The proposal generally looks good to me.

One thing that was important to me in earlier web frameworks I worked on (mostly in Python) was modularity of the routing, where a top-level table of contents delegates some part of the URL space to a lower-level table of contents. This makes it possible to write reusable modules that can be “plugged” into applications in a simple way.

I think this would be supported by the current proposal, but just wanted to throw this out there/check that that this can work.

1 Like

The syntax for routes is very simple: URLs with zero or more {} segments, possibly ending in a * segment (for matching an arbitrary “rest” of the URL).

Only supporting multi-segment matching at the end can be limiting for some usecases. http://git.nemo157.com/grarr/blob/master/README.md and http://git.nemo157.com/forks/maud/blob/master/README.md are both currently handled via a /*repo/blob/:ref/*path route matcher (* for multi-segment match and : for single segment match), the route recognizer (a fork of conduit's) still guarantees a unique handler matched based on prioritization of the matchers (literal segment > single segment > multi-segment).

If there’s a mismatch between the number of {} or * segments and the corresponding Path and Glob extractors in an endpoint, the resource builder API will panic on endpoint registration .

How does this work? If I were to re-implement grarr on Tide I think I would want to implement a custom Repository extractor that takes the first path segment then finds and initializes the libgit2 repository based on the path. How can the resource builder know that this custom extractor will consume a dynamic path segment? (or are custom extractors not a thing?)

Can you explain the impactful difference in this specific scenario?

This is the kind of dogmatism around typing that Rust has applied: our library APIs regularly can panic because they dynamically check something that we have decided isn't worth the trade off to encode in the type system.

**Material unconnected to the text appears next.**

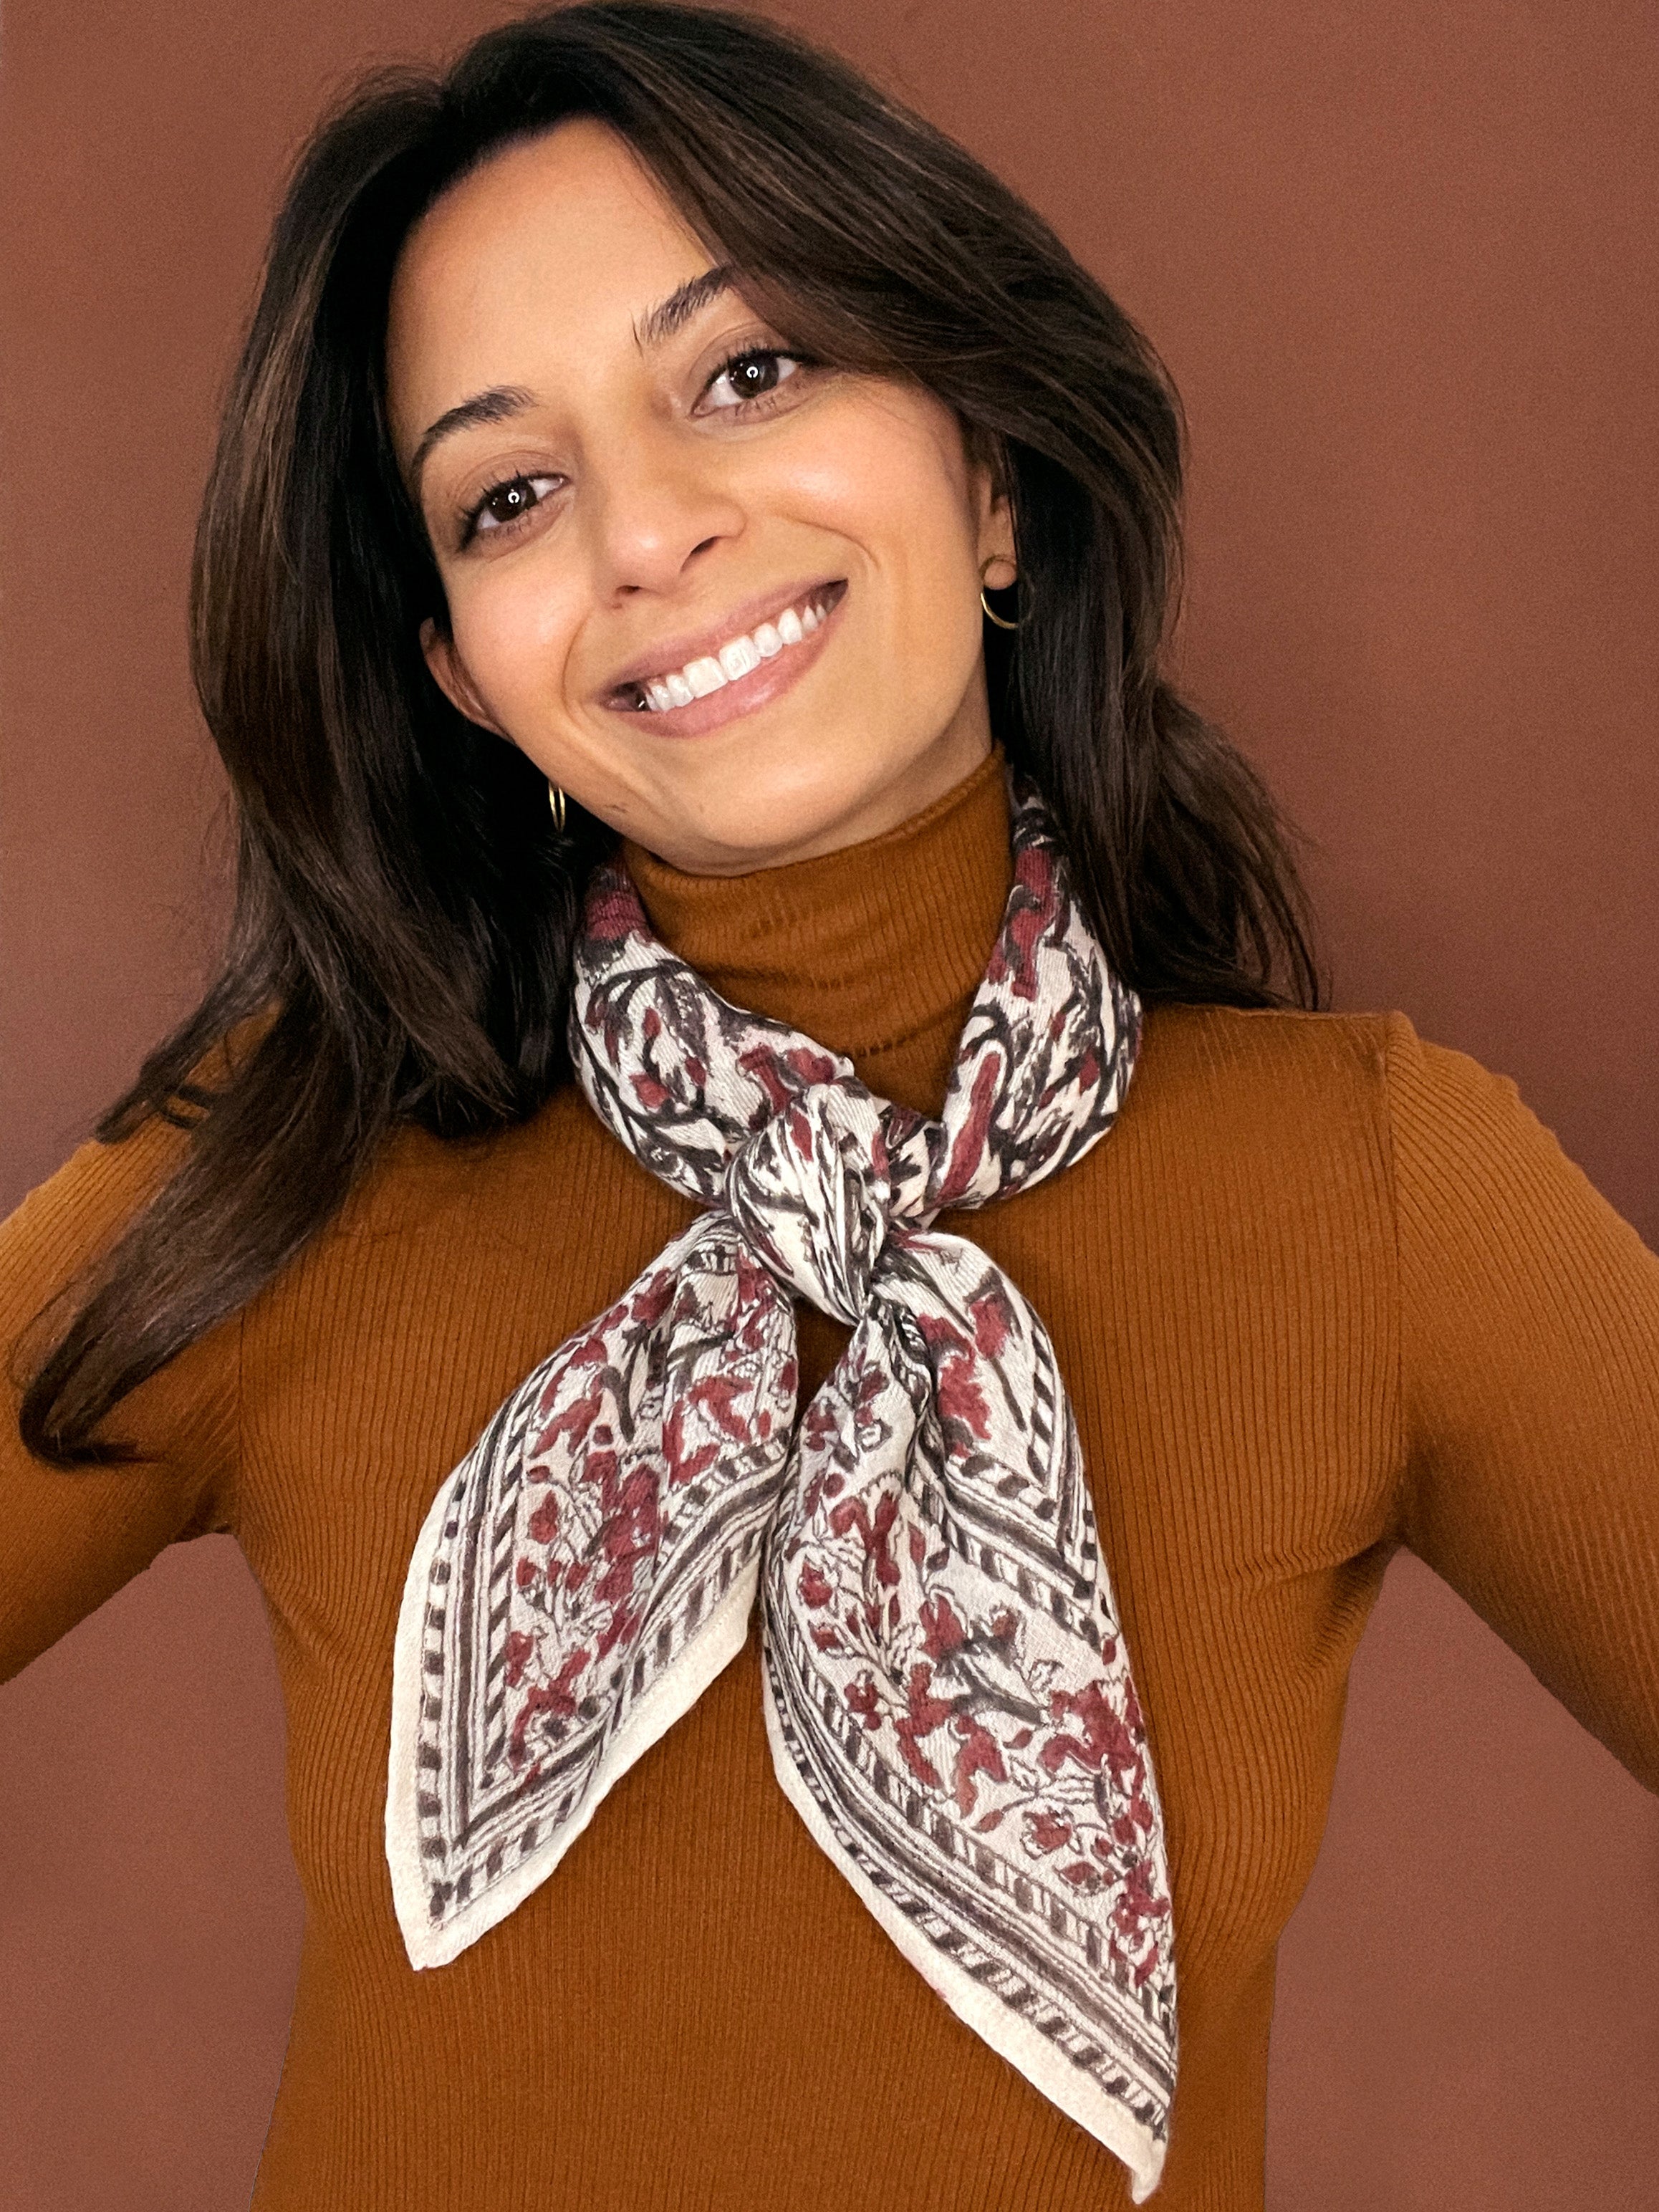 Model wearing the block printed Lana bandana tied around the neck against a brown background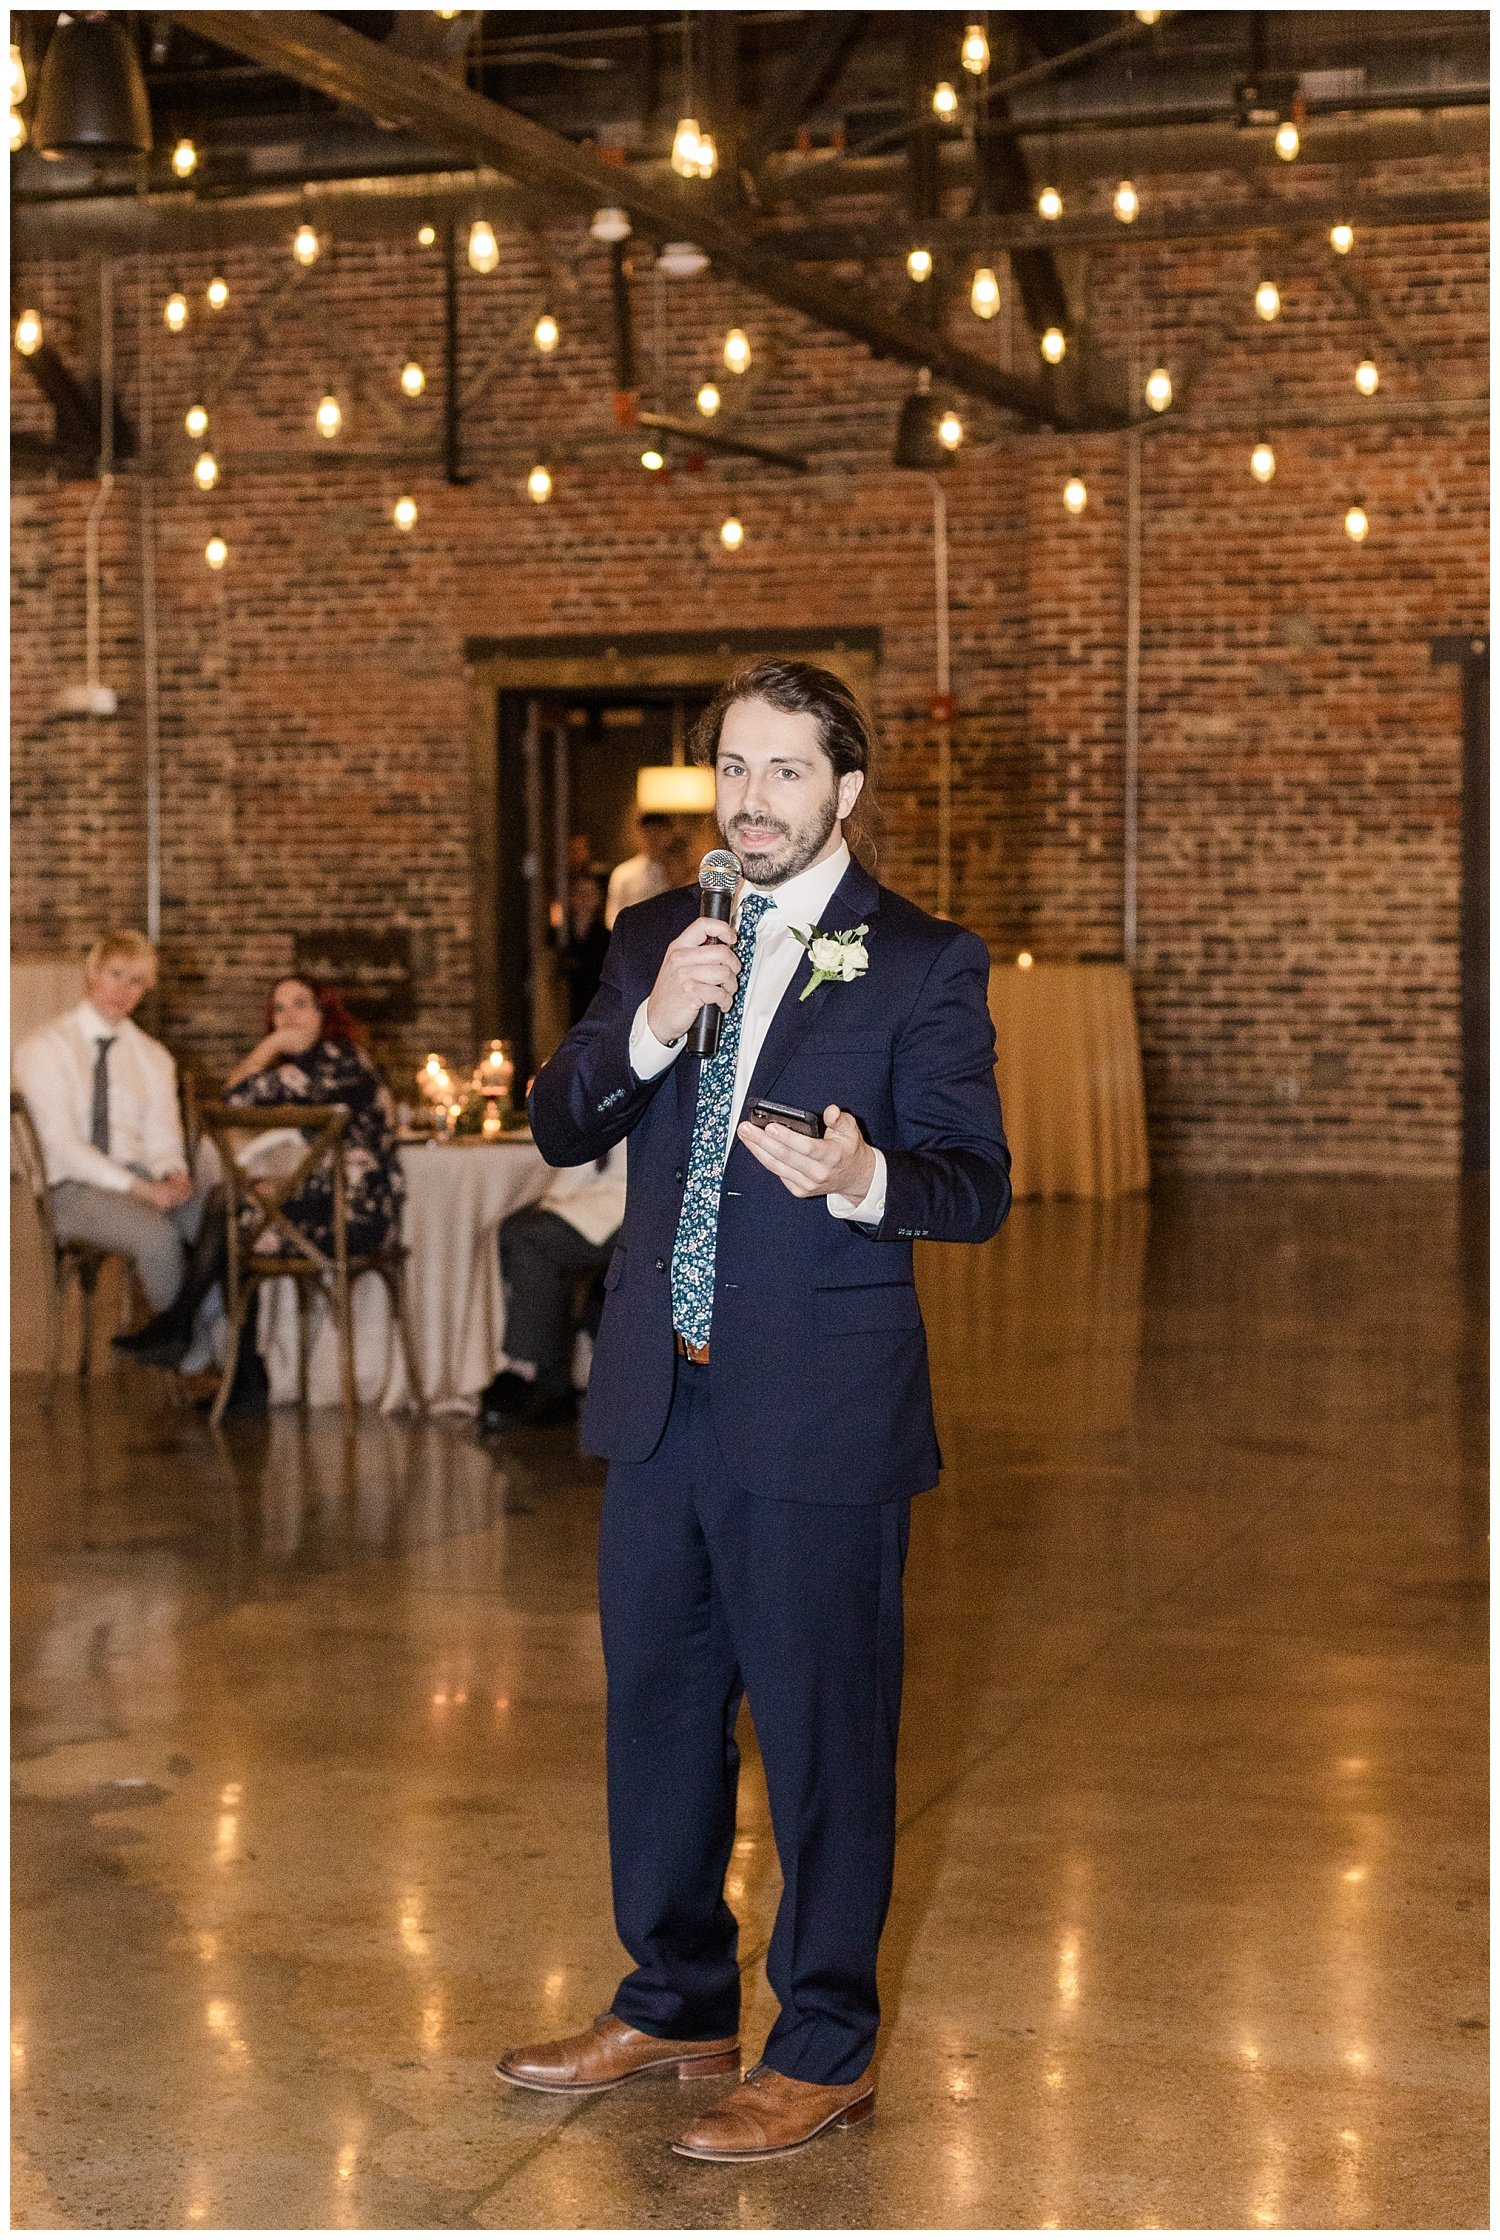 best man giving his toast at wedding reception

The difference here is that the location of the panic (before the server can accept connections) make it even more similar to a compile fail in its impact.

4 Likes

I wonder, does having a run-time panicking API preclude the ability to layer a compile-time checking API on top of that? If not, I’d say that would be the best of both worlds. No? @withoutboats @josh

Slightly crazier idea: once const fn support gets to the point that compile-time string manipulation is a thing, is there any reason the router logic that leads to this runtime panic wouldn’t become 100% const and therefore “fail at compile time” automagically?

9 Likes

This is really exciting - I really like the design so far.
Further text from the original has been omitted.